--- DATA SHOWN ---

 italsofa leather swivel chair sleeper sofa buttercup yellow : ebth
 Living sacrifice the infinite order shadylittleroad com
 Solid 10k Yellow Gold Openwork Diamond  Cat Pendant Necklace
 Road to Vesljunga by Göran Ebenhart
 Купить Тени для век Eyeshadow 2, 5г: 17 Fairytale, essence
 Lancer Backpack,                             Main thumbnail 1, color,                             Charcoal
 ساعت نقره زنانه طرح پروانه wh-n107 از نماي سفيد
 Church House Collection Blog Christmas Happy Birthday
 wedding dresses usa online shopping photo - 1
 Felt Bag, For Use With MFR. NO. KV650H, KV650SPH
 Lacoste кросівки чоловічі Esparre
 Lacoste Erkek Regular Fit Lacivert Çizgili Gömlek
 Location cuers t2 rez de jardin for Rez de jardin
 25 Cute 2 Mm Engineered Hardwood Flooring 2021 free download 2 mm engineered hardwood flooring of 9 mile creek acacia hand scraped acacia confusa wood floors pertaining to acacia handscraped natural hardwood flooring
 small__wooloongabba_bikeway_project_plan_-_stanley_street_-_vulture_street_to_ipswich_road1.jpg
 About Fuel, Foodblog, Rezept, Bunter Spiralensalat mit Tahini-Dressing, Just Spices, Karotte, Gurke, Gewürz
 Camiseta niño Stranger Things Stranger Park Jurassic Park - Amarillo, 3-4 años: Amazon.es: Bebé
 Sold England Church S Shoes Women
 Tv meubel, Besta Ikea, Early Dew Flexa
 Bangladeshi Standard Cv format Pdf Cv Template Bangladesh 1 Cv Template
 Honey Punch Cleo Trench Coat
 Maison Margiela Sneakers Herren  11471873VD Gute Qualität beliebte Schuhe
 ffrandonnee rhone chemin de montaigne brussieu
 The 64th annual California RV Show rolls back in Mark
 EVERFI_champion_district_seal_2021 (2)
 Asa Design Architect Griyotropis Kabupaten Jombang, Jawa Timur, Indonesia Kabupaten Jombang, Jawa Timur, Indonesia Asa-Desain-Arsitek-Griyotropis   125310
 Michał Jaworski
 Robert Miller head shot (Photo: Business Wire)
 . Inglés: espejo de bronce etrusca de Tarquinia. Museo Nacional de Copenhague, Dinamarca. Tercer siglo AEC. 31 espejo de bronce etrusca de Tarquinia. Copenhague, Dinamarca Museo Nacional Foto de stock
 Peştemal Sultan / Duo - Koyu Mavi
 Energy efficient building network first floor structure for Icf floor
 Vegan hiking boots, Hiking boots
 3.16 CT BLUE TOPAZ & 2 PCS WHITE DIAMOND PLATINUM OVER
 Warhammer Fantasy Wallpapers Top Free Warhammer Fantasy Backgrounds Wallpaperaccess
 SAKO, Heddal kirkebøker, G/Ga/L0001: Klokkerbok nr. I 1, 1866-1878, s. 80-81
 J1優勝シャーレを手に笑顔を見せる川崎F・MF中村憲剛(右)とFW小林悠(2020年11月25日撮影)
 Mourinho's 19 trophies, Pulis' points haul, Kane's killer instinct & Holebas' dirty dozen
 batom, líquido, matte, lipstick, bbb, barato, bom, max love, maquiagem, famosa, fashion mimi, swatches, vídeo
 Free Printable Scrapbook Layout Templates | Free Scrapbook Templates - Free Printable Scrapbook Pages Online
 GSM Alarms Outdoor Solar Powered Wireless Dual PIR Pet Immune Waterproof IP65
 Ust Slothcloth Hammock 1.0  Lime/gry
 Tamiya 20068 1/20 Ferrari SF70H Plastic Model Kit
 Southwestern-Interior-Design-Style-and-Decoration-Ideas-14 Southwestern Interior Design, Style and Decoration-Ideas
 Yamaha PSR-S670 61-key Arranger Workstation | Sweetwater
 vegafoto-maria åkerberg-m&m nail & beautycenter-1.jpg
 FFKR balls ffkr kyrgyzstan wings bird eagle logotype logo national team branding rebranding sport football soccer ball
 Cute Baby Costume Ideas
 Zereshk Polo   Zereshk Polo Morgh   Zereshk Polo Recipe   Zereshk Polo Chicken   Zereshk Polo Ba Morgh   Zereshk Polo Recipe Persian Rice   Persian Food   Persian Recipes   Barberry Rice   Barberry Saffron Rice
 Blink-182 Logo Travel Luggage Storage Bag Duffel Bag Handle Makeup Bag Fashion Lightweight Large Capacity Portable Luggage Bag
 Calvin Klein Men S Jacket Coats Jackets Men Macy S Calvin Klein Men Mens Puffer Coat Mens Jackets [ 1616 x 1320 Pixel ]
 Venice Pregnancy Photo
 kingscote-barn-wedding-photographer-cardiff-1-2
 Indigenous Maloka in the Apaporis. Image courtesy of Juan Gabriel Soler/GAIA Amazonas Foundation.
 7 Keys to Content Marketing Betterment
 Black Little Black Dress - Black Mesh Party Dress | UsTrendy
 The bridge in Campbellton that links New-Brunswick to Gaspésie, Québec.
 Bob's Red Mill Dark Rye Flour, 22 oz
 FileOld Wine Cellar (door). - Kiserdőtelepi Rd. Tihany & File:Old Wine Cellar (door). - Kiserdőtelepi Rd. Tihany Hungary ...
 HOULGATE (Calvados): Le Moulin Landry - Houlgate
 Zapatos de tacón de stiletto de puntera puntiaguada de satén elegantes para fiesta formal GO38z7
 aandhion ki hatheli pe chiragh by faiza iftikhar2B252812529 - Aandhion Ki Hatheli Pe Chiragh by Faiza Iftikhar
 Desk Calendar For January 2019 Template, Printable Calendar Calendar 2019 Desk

---

> [EXERCISE OBJECTIVE]: Once the lines containing "Church" in the data above are counted, give the total by itself.

> [SOLUTION TO THIS TASK]: 2